YOUR INSTRUCTIONS: Every picture stays out; everything else in the listing below is to be returned exactly.

*** STORED DATA ***

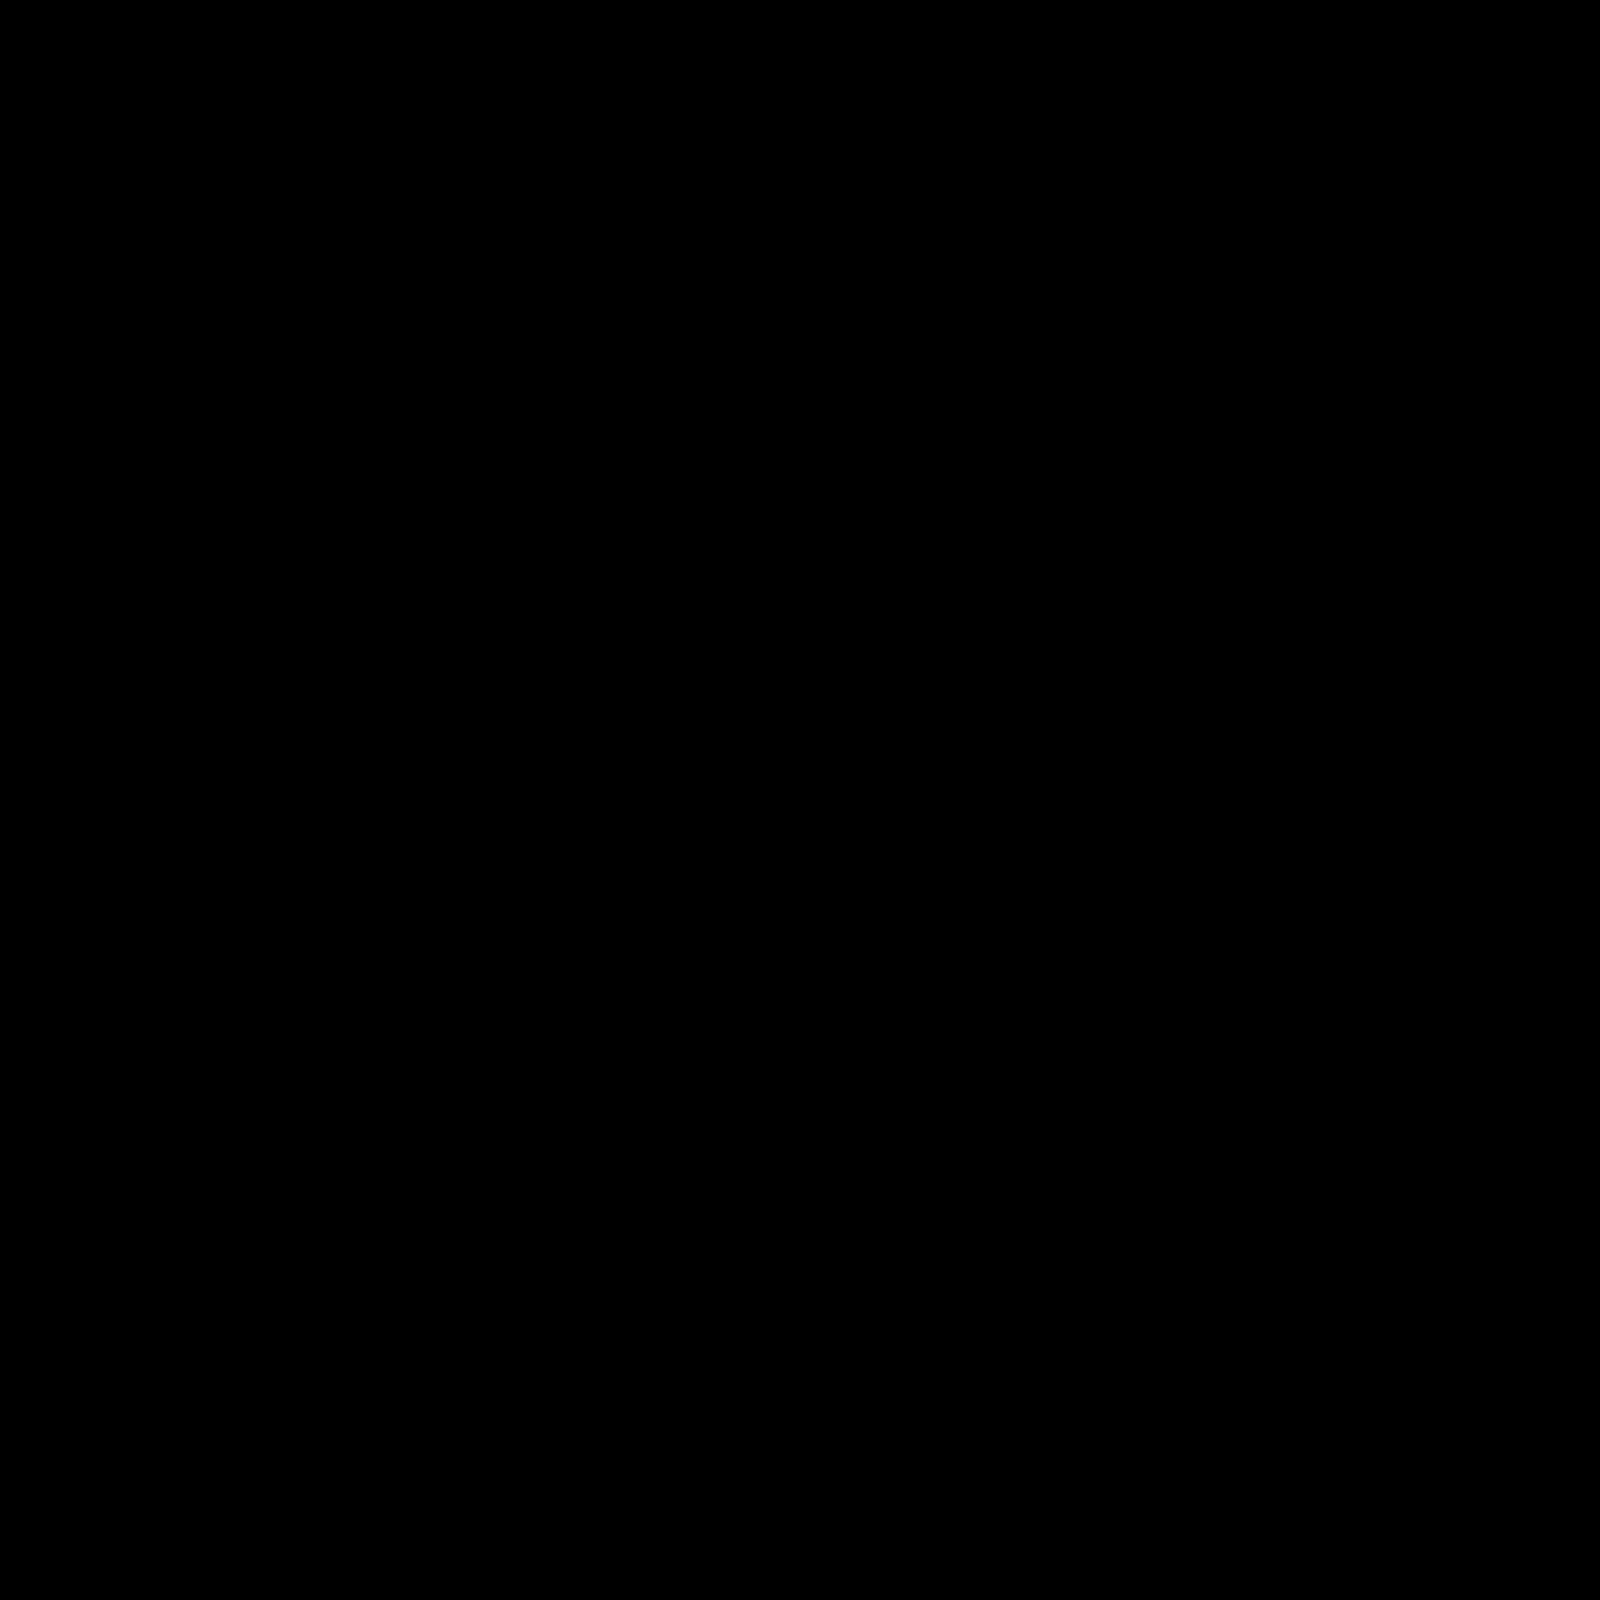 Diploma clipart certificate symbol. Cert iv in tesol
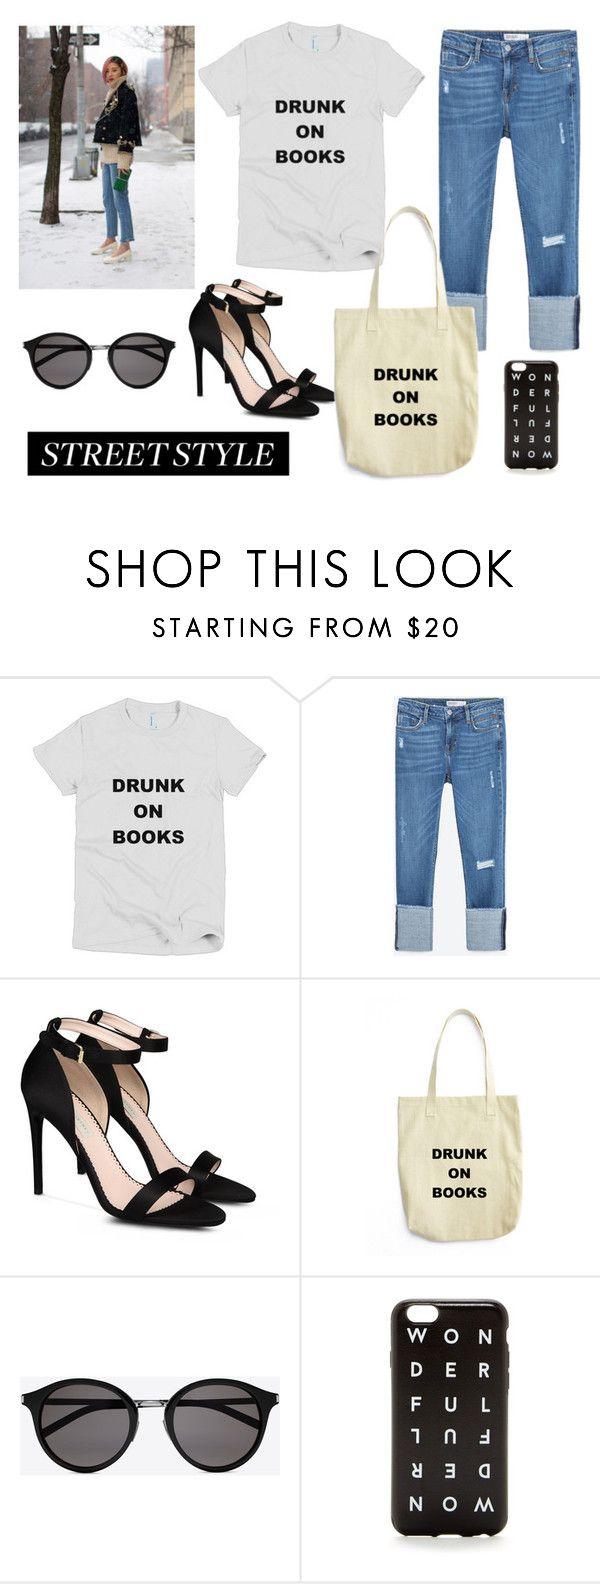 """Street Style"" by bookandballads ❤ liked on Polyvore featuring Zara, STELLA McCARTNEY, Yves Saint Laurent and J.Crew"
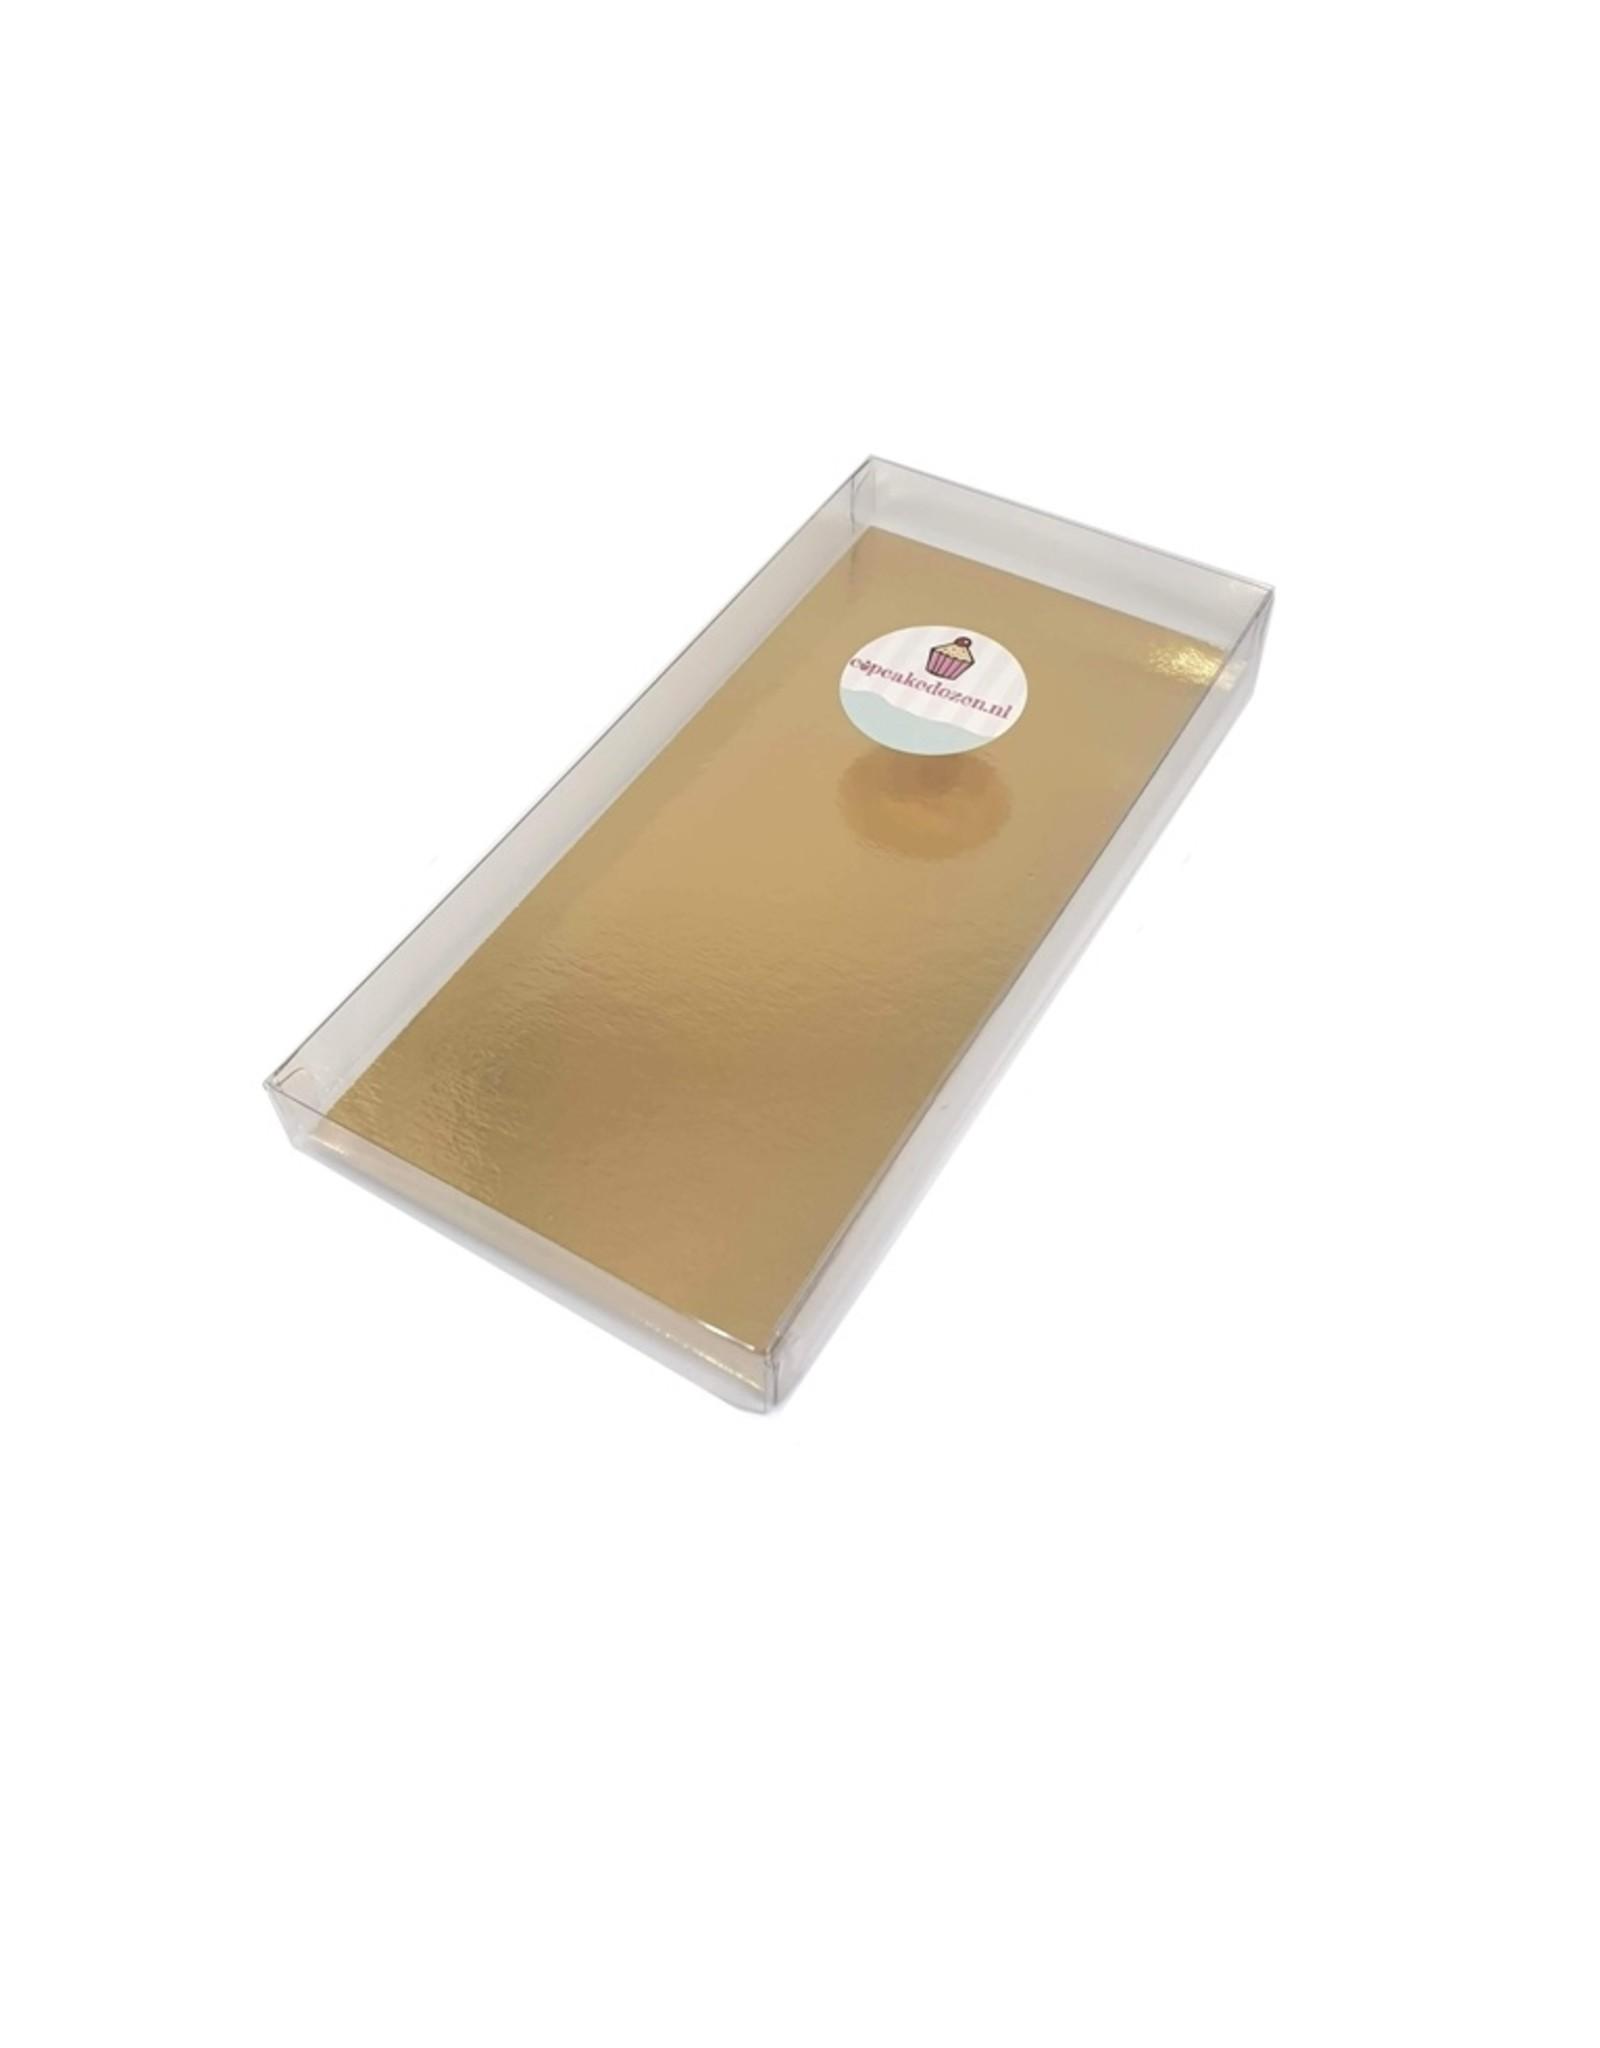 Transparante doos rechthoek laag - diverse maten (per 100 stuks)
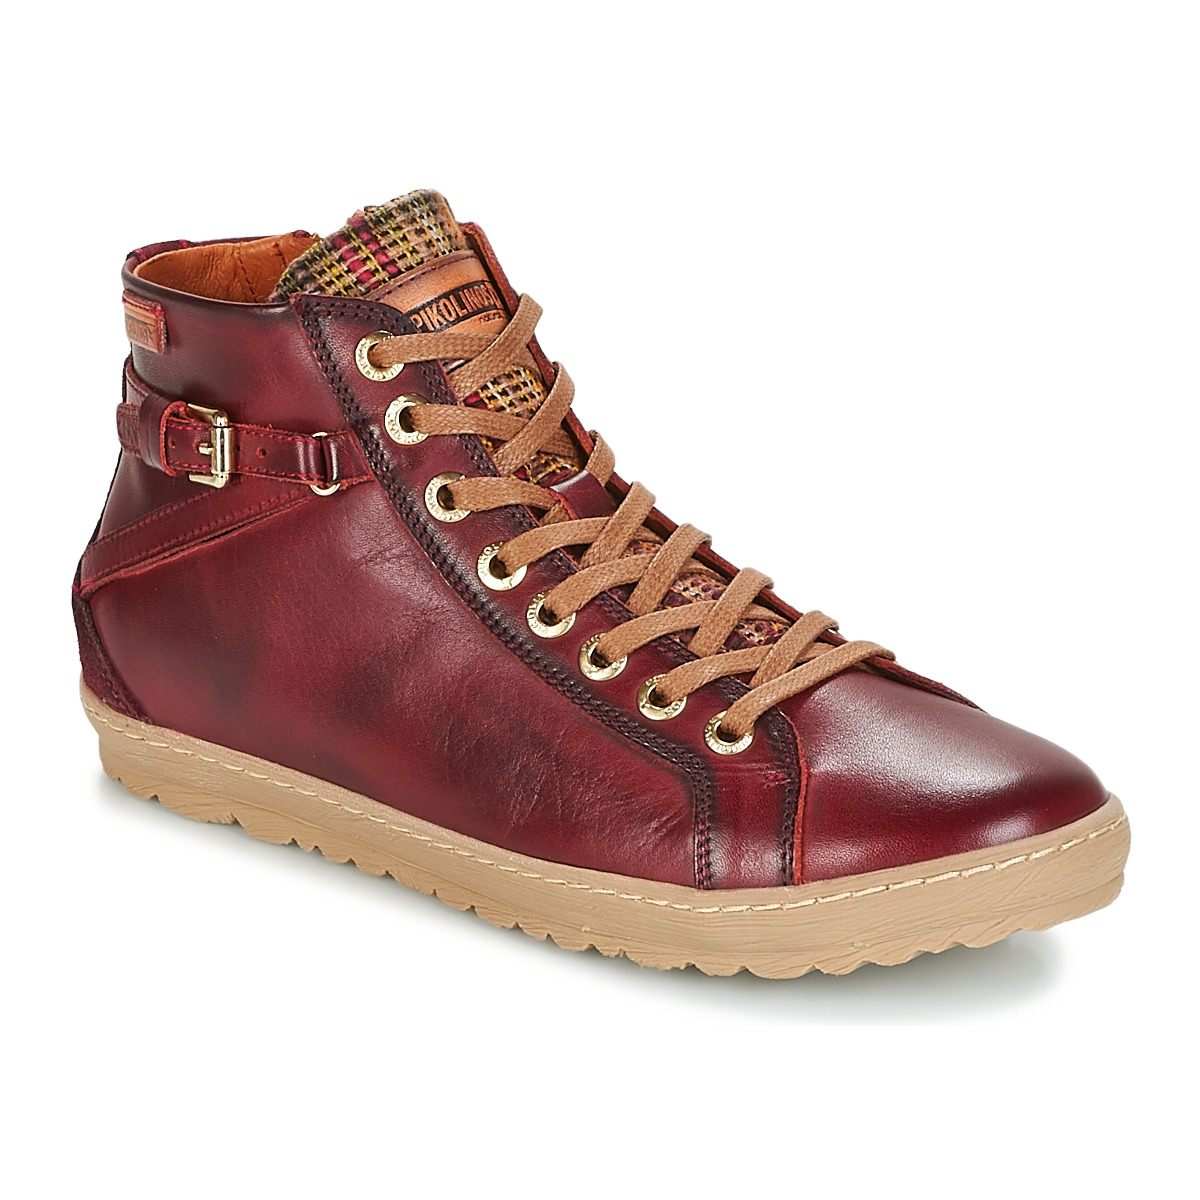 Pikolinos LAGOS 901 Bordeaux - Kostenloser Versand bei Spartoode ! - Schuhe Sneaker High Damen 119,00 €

***

EXERCISE RESPONSE:
 Diploma clipart certificate symbol. Cert iv in tesol
 """Street Style"" by bookandballads ❤ liked on Polyvore featuring Zara, STELLA McCARTNEY, Yves Saint Laurent and J.Crew"
 Transparante doos rechthoek laag - diverse maten (per 100 stuks)
 Pikolinos LAGOS 901 Bordeaux - Kostenloser Versand bei Spartoode ! - Schuhe Sneaker High Damen 119,00 €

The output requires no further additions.